25 Kasım Kadına Yönelik Şiddete Karşı Uluslararası Mücadele Günü kapsamında düzenlenmek istenen etkinliklere Beyoğlu Kaymakamlığı ve İstanbul Valiliği tarafından getirilen yasaklar, kadın hakları savunucuları ve hukuk çevrelerinde ciddi tepkilere neden oldu. Yasak kararları kapsamında Taksim ve çevresine bariyerler kuruldu, toplu taşıma durakları devre dışı bırakıldı ve çok sayıda kadın gözaltına alındı. Kadınların kamusal alanda toplanma haklarının polis ablukasıyla engellenmesi, anayasal ve uluslararası insan hakları normlarına aykırılık tartışmalarını yeniden gündeme getirdi.

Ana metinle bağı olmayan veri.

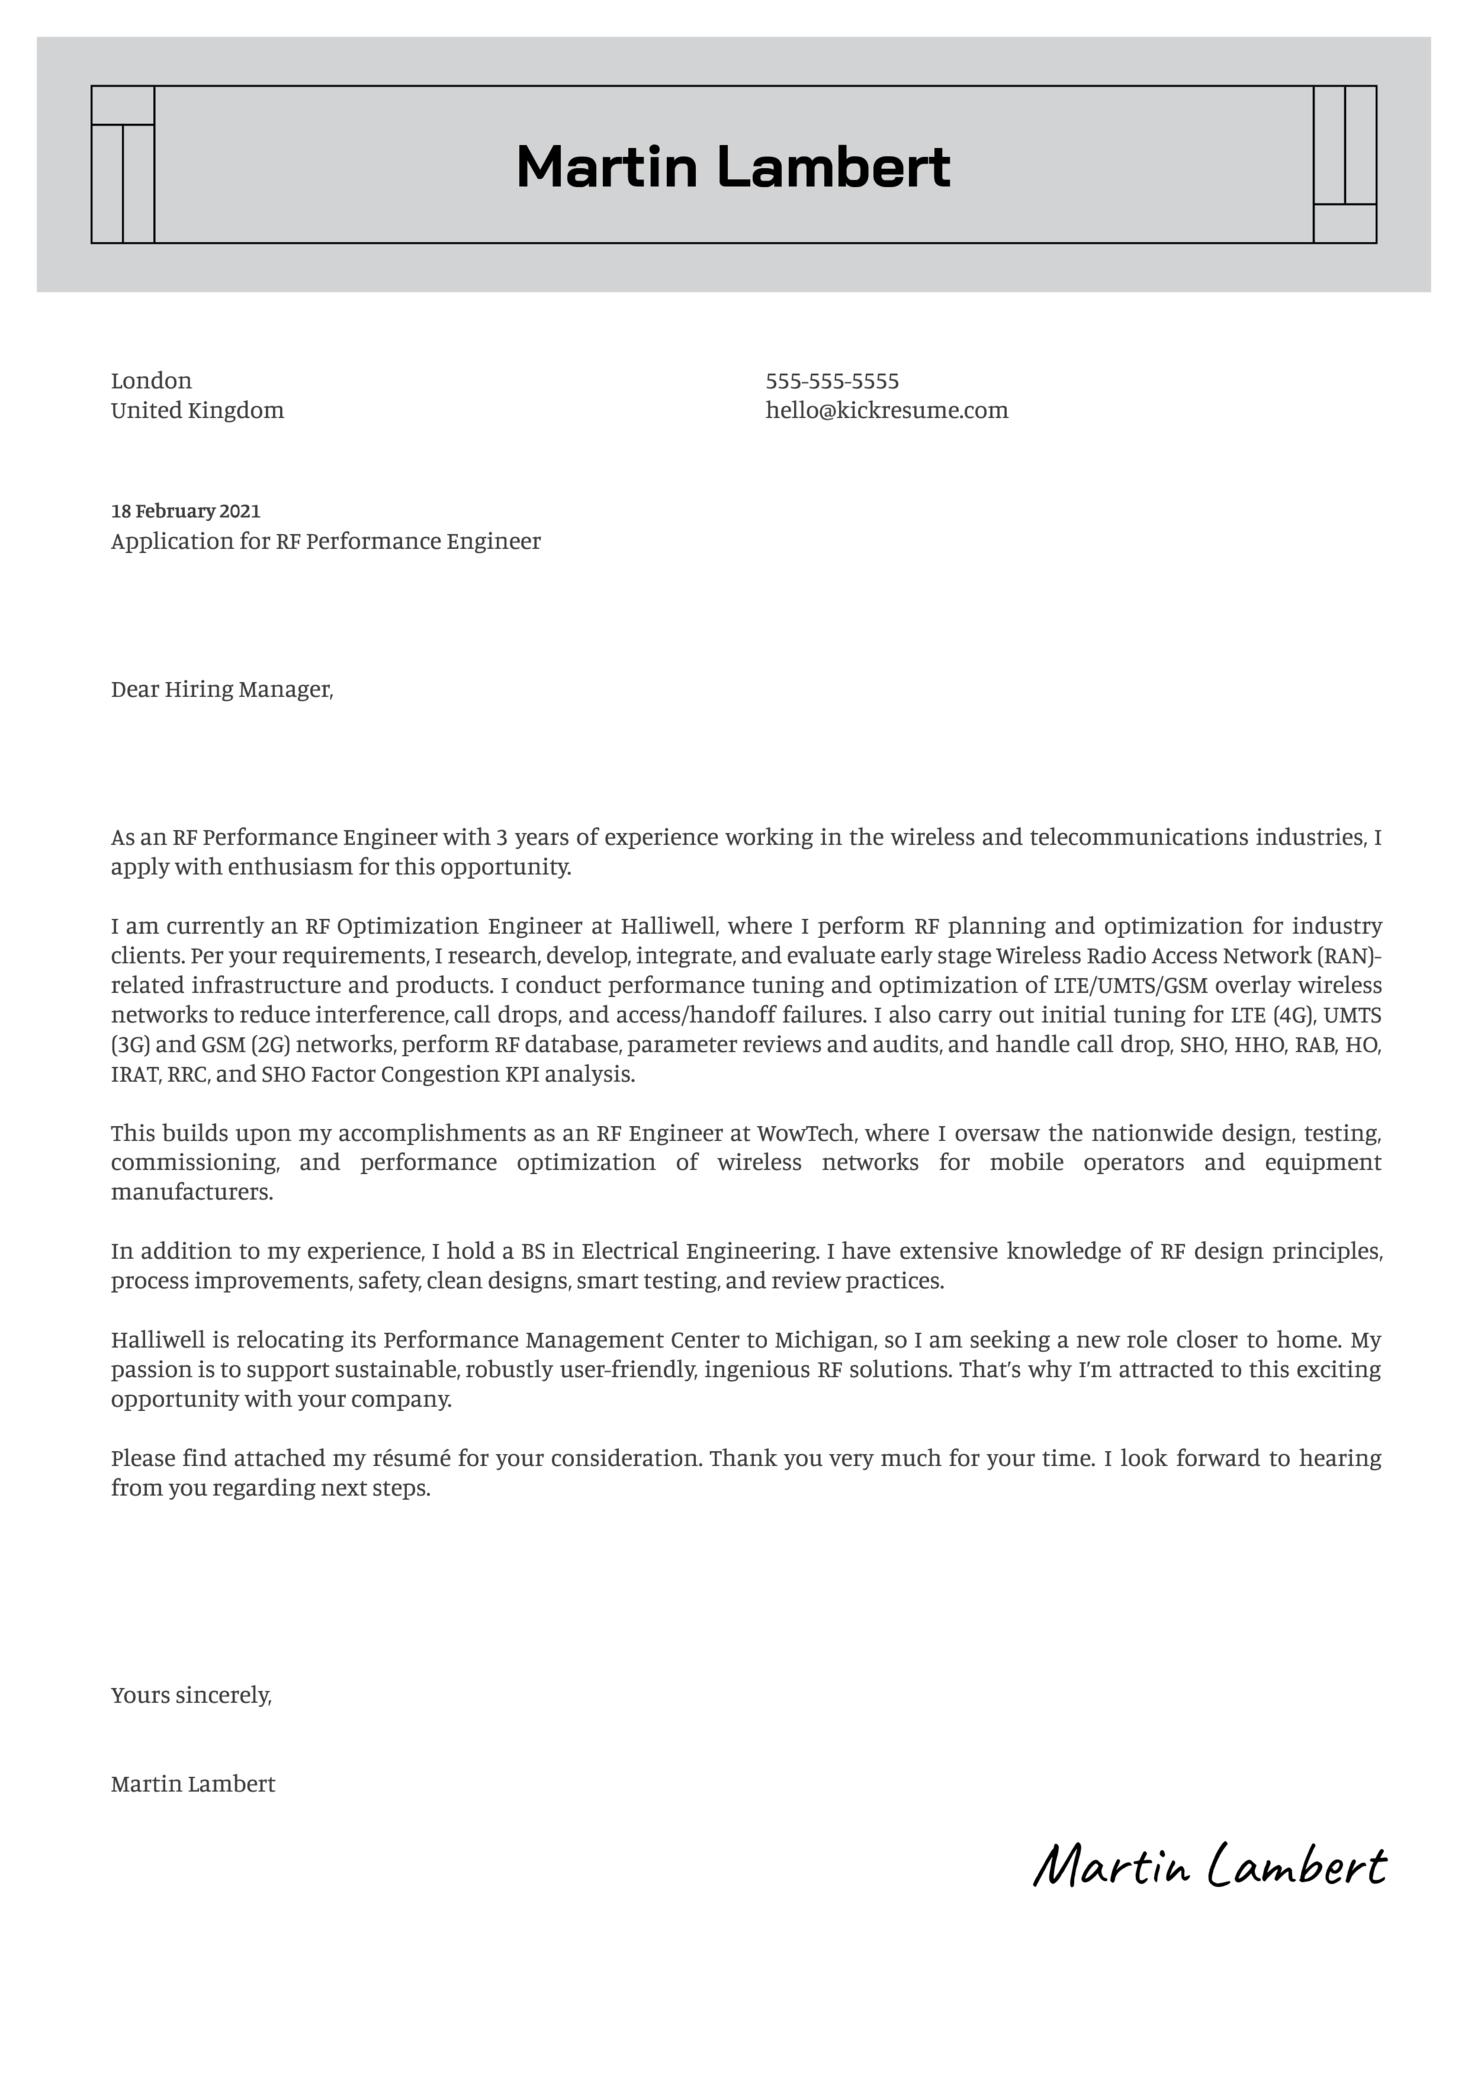 RF Performance Engineer Cover Letter Sample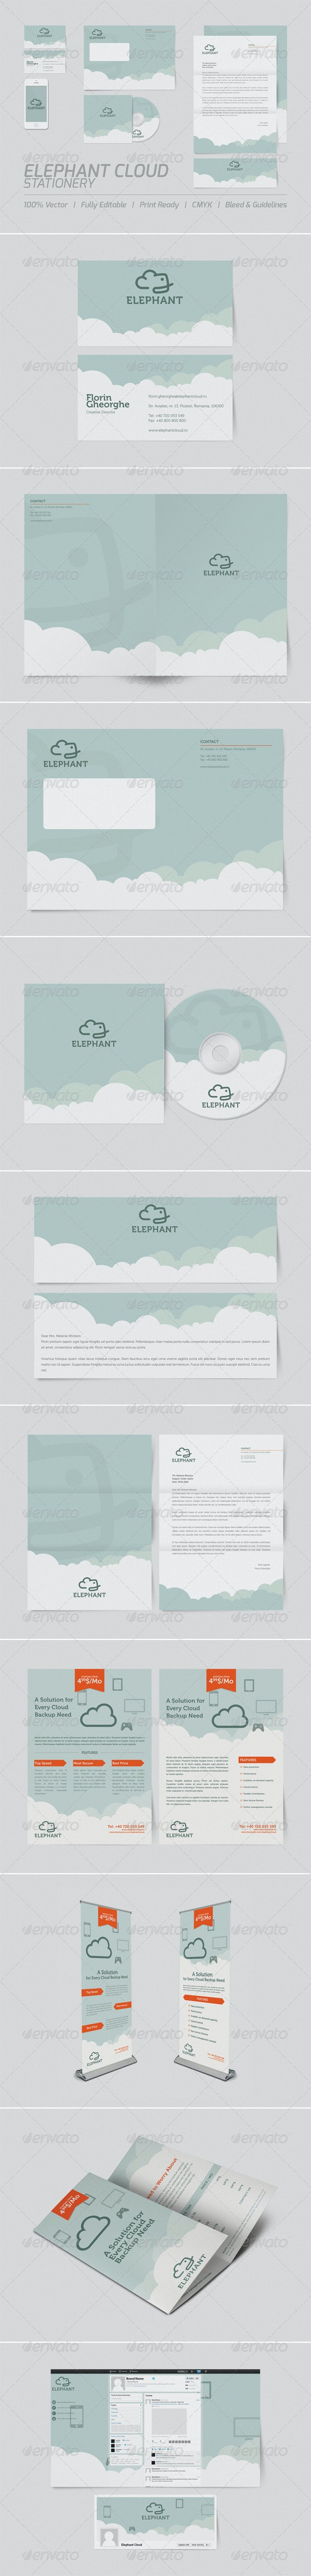 Elephant Cloud Stationery - Stationery Print Templates

İstanbul Barosu’nun Tepkisi
İstanbul Barosu, bu yasakları Anayasa ve Avrupa İnsan Hakları Mahkemesi (AİHM) kararlarına açık bir ihlal olarak niteledi. Baro, “toplantı ve gösteri yürüyüşleri hakkı” ile “mekan seçme özgürlüğünün” kategorik olarak yasaklanmasının anayasal hakların çiğnenmesi anlamına geldiğini vurguladı. Baro, ayrıca kadına yönelik şiddetle mücadelede yıllardır süregelen etkisiz politikaların, uygulamada kadınların adalete erişimini zora sokan bir sistemin varlığına işaret etti. İstanbul Sözleşmesi’nden çekilmenin şiddeti artırdığı ve mevcut düzenlemelerin kadın cinayetlerini önlemede yetersiz kaldığı da açıklamada ifade edildi
Yasaklara Karşı Direniş ve Polis Müdahalesi
Kadın dernekleri ve hak savunucuları, yasak kararına karşı sokaklara çıkma çağrısında bulunarak “Kadına yönelik şiddete karşı sessiz kalmayacağız” dedi. Ancak polis, göstericilere sert müdahalede bulunarak birçok kadını gözaltına aldı ve basın mensuplarına yönelik engellemeler uyguladı. Polis ablukasının sokaklarda oluşturduğu görüntüler, kadınların kamusal alan kullanımının dahi engellenmeye çalışıldığına dair eleştirileri beraberinde getirdi. Bu durum, güvenlik gerekçesiyle alınan önlemlerin, ifade özgürlüğü ve toplanma hakkının ihlali haline dönüşmesinin tehlikeli bir örneği olarak değerlendiriliyor
Bu tür yasaklar, kadın hakları mücadelesinin önündeki sistematik engellerin sadece bir boyutunu ortaya koyuyor. Türkiye’de kadına yönelik şiddet ve cinayetlerin artış gösterdiği bir dönemde, bu yasakların toplumsal cinsiyet eşitsizliğini körüklediği açıktır. Hükümet ve yerel yönetimlerin şiddetle mücadelede etkin adımlar atmaması, yasal düzenlemeleri göstermelik birer enstrümana dönüştürüyor. Bu süreçte kadınların dayanışma içinde kamusal alanda haklarını savunma çabalarının engellenmesi, mevcut sorunları daha da derinleştiriyor.
Kadınların mücadele ettiği sorunlar sadece bireysel değil, aynı zamanda toplumsal bir meseledir. Yasaklar yerine, kamusal alanda kadınların güvenli şekilde var olabileceği ortamların sağlanması ve onların sesine kulak verilmesi gerekmektedir. Aksi takdirde bu yasaklar, toplumsal eşitlik ve özgürlük mücadelesine vurulmuş ağır darbeler olarak kalmaya devam edecektir.